▶ [Supplied material]:
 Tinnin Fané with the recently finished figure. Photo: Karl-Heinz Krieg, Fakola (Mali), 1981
* * *
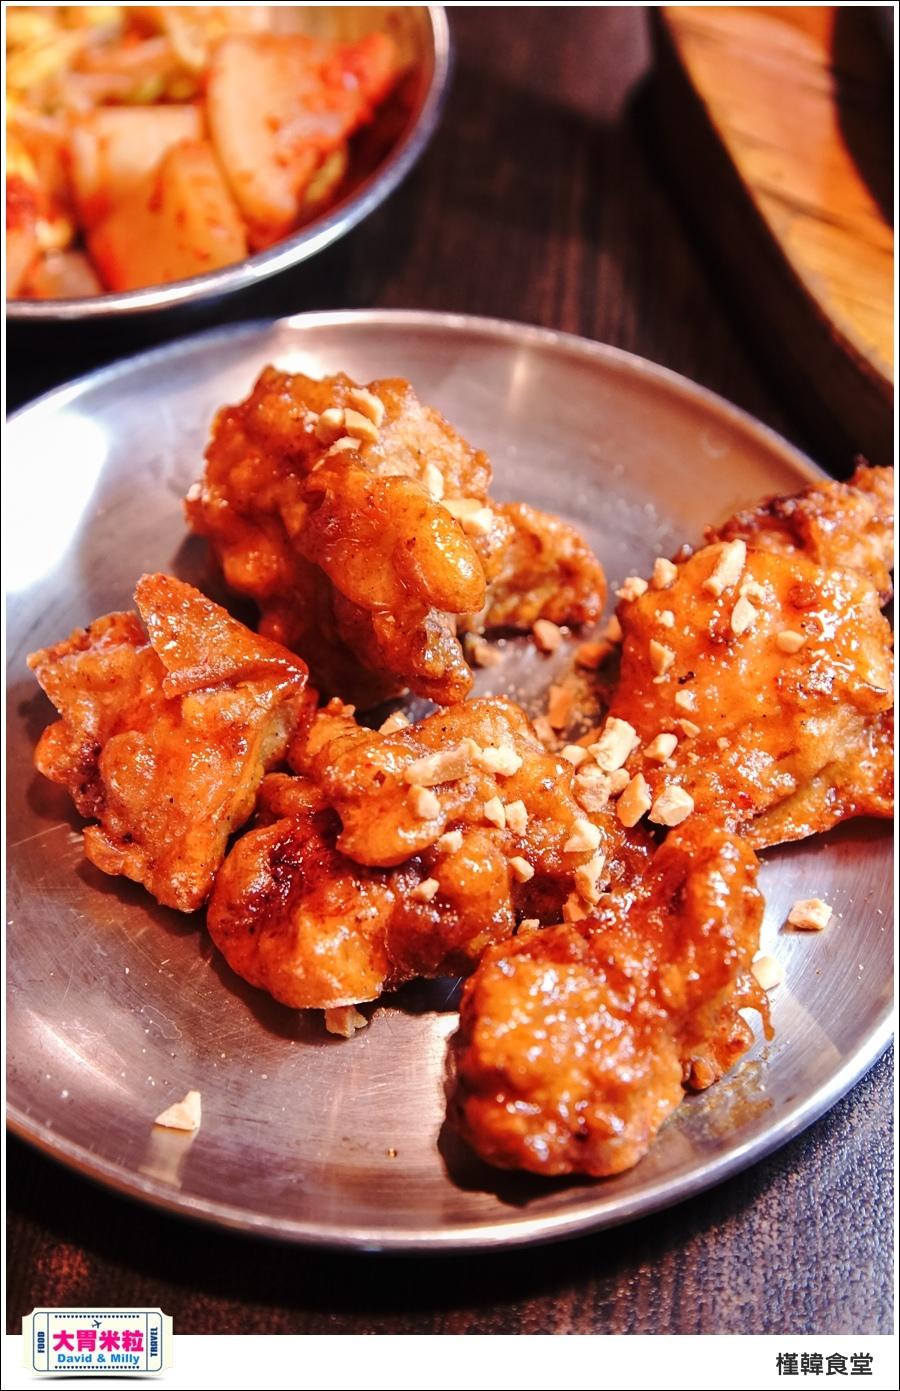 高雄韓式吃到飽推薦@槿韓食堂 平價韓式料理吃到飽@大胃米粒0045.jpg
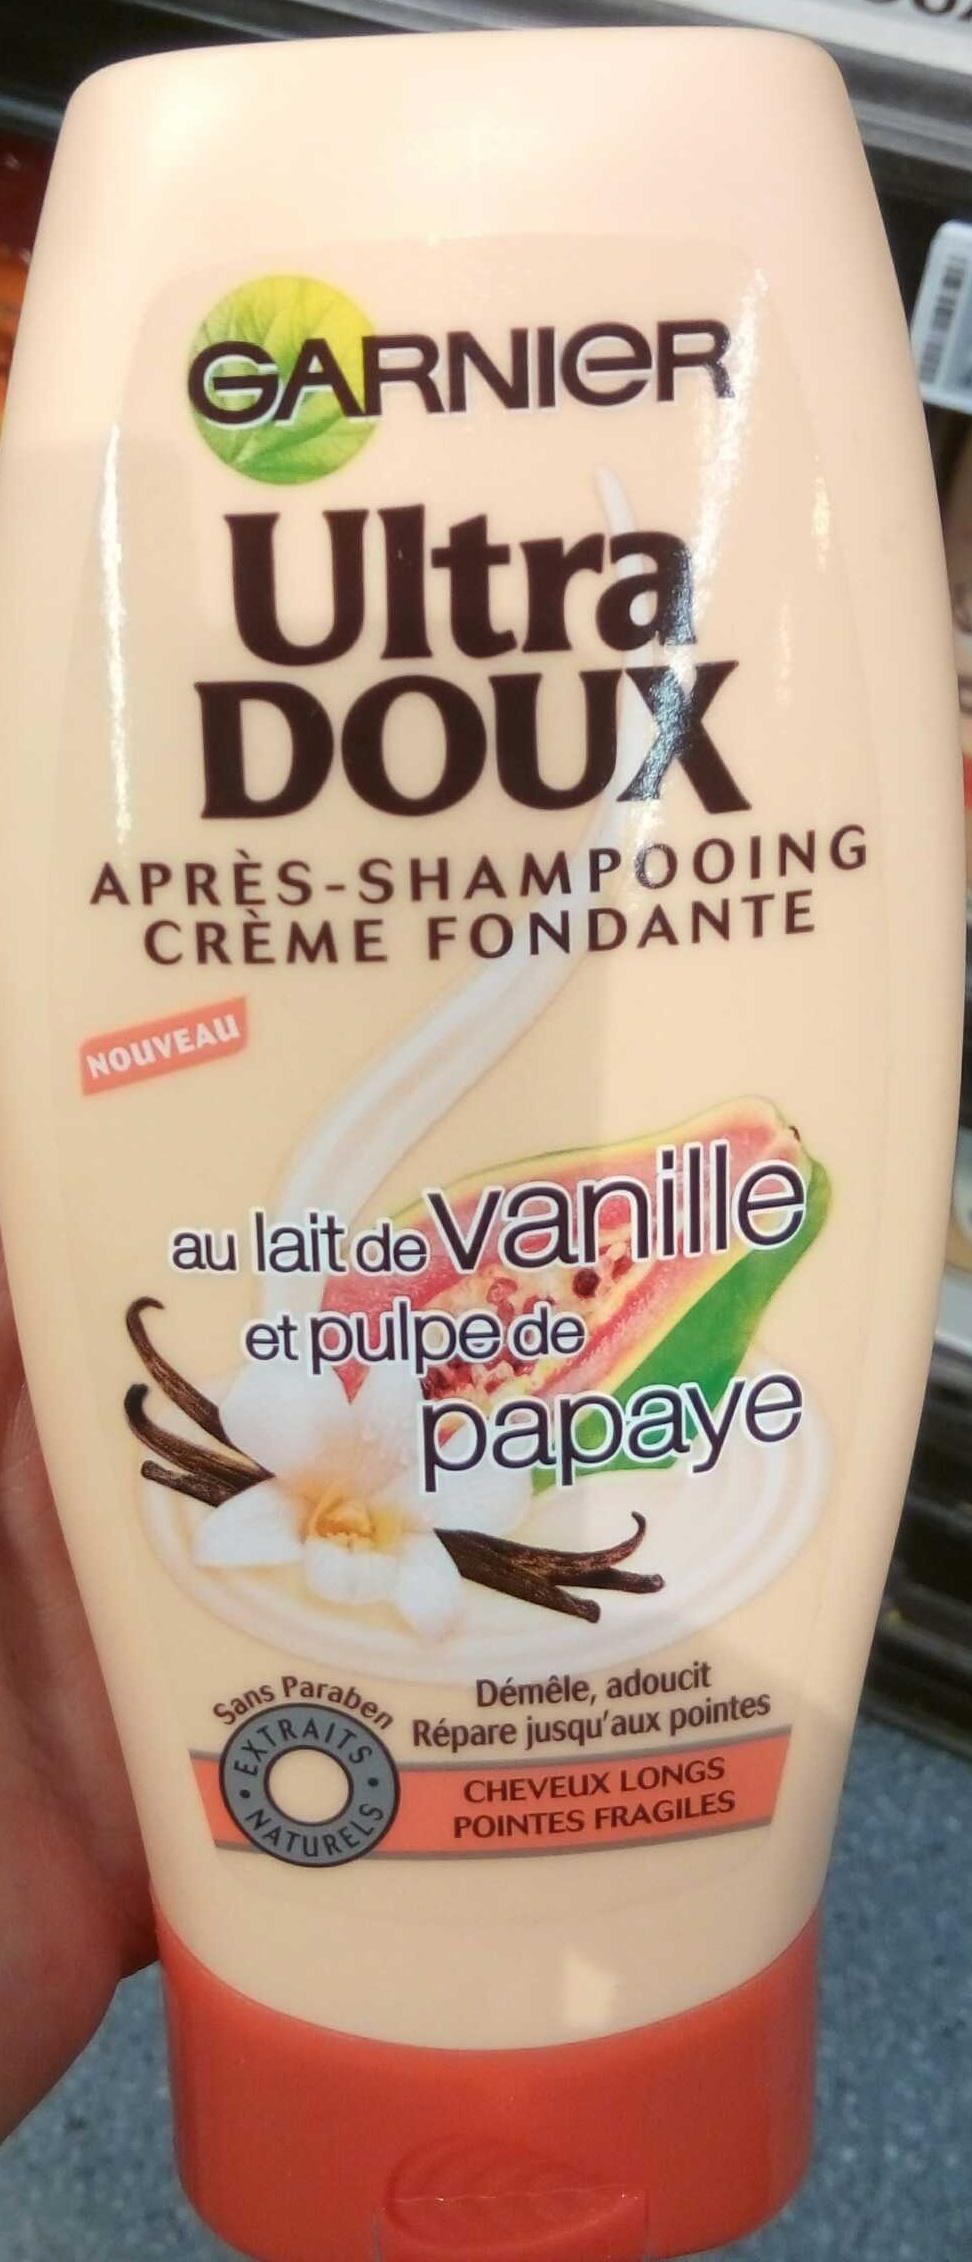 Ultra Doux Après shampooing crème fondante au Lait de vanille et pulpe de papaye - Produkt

▶ [Problem statement]: From the records above, quote word for word only the lines beginning at the line that has "高雄韓式吃到飽推薦@槿韓食堂 平價韓式料理吃到飽@大胃米粒0045.jpg" and stopping after the line that has "Ultra Doux Après". Omit the pictures.

▶ [Exercise output]:
 高雄韓式吃到飽推薦@槿韓食堂 平價韓式料理吃到飽@大胃米粒0045.jpg
 Ultra Doux Après shampooing crème fondante au Lait de vanille et pulpe de papaye - Produkt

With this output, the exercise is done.